Hi Pierre,
On 3/13/2023 7:22 PM, Pierre-Louis Bossart wrote:
<snip>
USB | ASoC
--------------------------------------------------------------------
| _________________________
| |sm8250 platform card |
| |_________________________|
| | |
| ___V____ ____V____
| |Q6USB | |Q6AFE | #5
| |"codec" | |"cpu" |
| |________| |_________|
| ^
| | #6
| ___V____
| |SOC-USB |
________ #1 ________ #7 | |
|USB SND |<--->|QC offld|<------------>|________|
|(card.c)| | |<---------- ^
|________| |________|___ #4 | | |
^ ^ | | | ___V__________________
| #2 | #2 | | | |APR/GLINK |
__ V_______________V_____ | | | |______________________|
|USB SND (endpoint.c) | | | | ^
|_________________________| | | | #8 |
^ | | | ___________V___________
| #3 | | |->|audio DSP |
___________V_____________ | | |_______________________|
|XHCI HCD |<- |
|_________________________| |
#1 - USB SND and QC offload:
Initialization:
- Register platform operations, to receive connect/disconnect events
from USB SND.
- QC offload creates a QMI handle, in order to receive QMI requests
from the audio DSP.
Runtime:
- USB SND passes along "struct snd_usb_audio" in order for QC offload
to reference USB UAC desc parsing/USB SND helper APIs.
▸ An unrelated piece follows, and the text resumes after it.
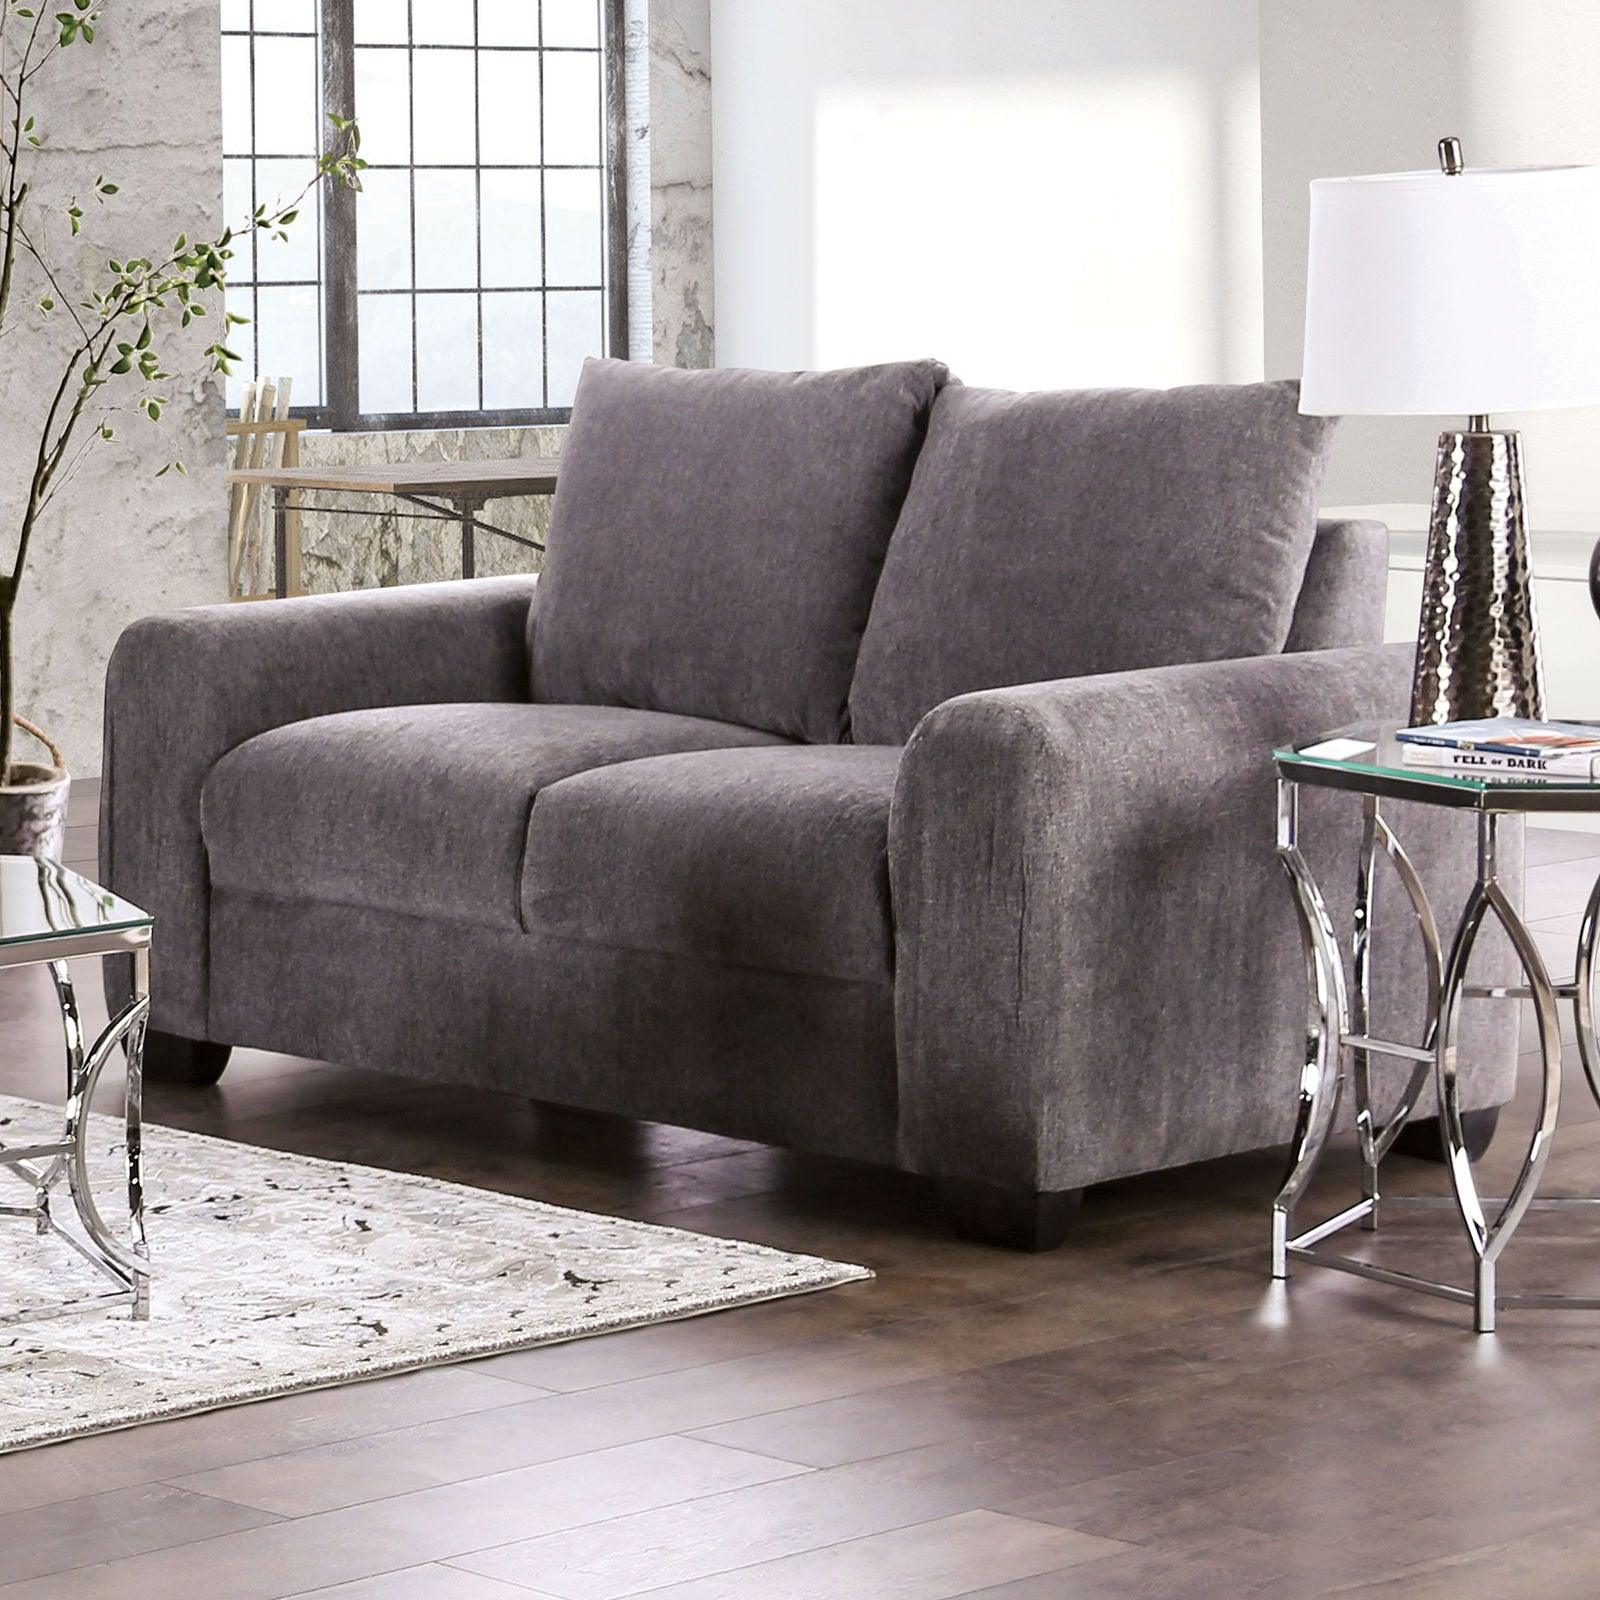 Furniture of America - Dagmar - Loveseat - Gray - 5th Avenue Furniture

- USB device disconnection events will result in clearing of the chip
entry.
#2 - USB SND and QC offload endpoints:
Runtime:
- In the non-offloaded path, USB snd will utilize functions exposed by
USB SND endpoint, to help with fetching USB EP references and queuing
URBs.
- In the offload path, qc offload will utilize the functions to fetch
USB EP references, so that it can use that information to query the
XHCI HCD.
- Likewise, both will clean up endpoints when audio stream is not in
use.
#3 - XHCI HCD:
Initialization:
- During XHCI probe timing, when the USB HCD is added to the system, it
will also initialize the secondary event rings.
Runtime:
- During USB device plug ins/outs, allocates device slot, assigns eps,
and initializes transfer rings.
#4 - QC offload and XHCI:
Runtime:
- QC offload needs to reference the transfer ring and secondary event
ring
addresses by executing XHCI offload management APIs.
- This happens when audio DSP receives a USB QMI stream request.
#5 - ASoC components:
Initialization:
- The SM8250 platform sound card driver fetches DT node entries defining
the ASoC links. This chain/link has the components involved for a
particular Q6AFE path. (not only USB offload)
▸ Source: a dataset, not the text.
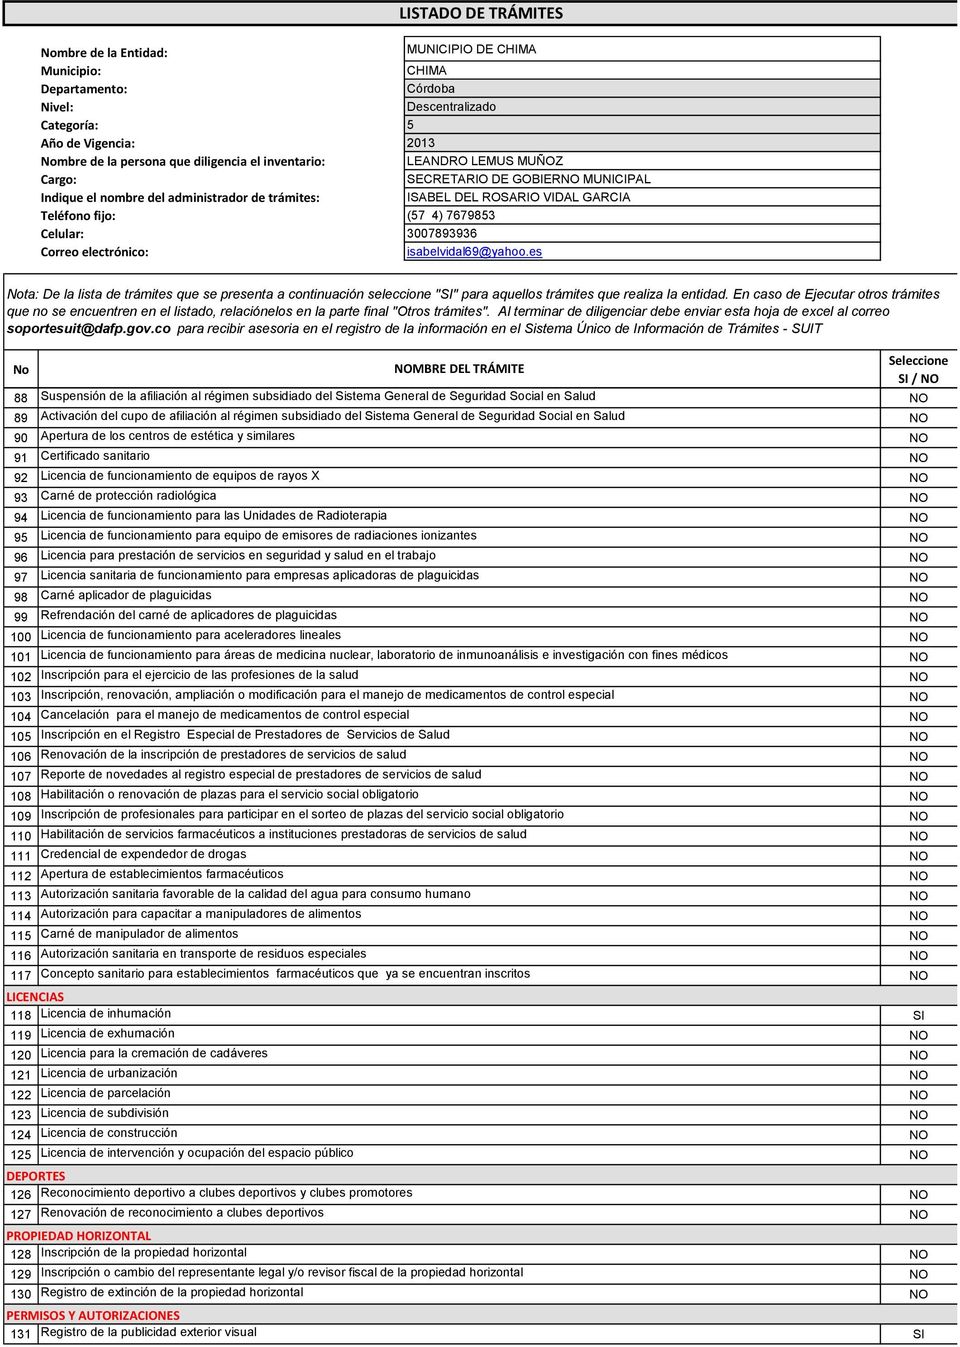 Certificado sanitario 92 Licencia de funcionamiento de equipos de rayos X 93 Carné de protección radiológica 94 Licencia de funcionamiento para las Unidades de Radioterapia 95 Licencia de

- "cpu" - this is the ASoC CPU DAI that handles interaction with
the
Q6 DSP's audio protocol. (AFE ports)
- "codec" - the ASoC codec (backend) DAI defined
- Registers ASoC platform sound card based on links defined in the DT
node.
- Probes DAI components involved, ie Q6USB and Q6AFE
Runtime:
- Q6AFE has the bulk of the interaction w/ the audio DSP to start an
audio
session, such as issuing AFE port start commands (part of the
protocol
used to communicate the audio session info)
- Q6USB will be there to now check for if format requested is
supported by
the device, and maintain offloading status.
#6 - Q6USB and SOC-USB:
Initialization:
- Q6USB will query QC offload for USB device connection states. (through
soc-usb)
- Creates a SOC USB entry, that carries information about resources,
such as audio DSP memory information and requested XHCI event ring
index.
Runtime:
- SOC-USB will receive connect/disconnect events and propagate to Q6USB.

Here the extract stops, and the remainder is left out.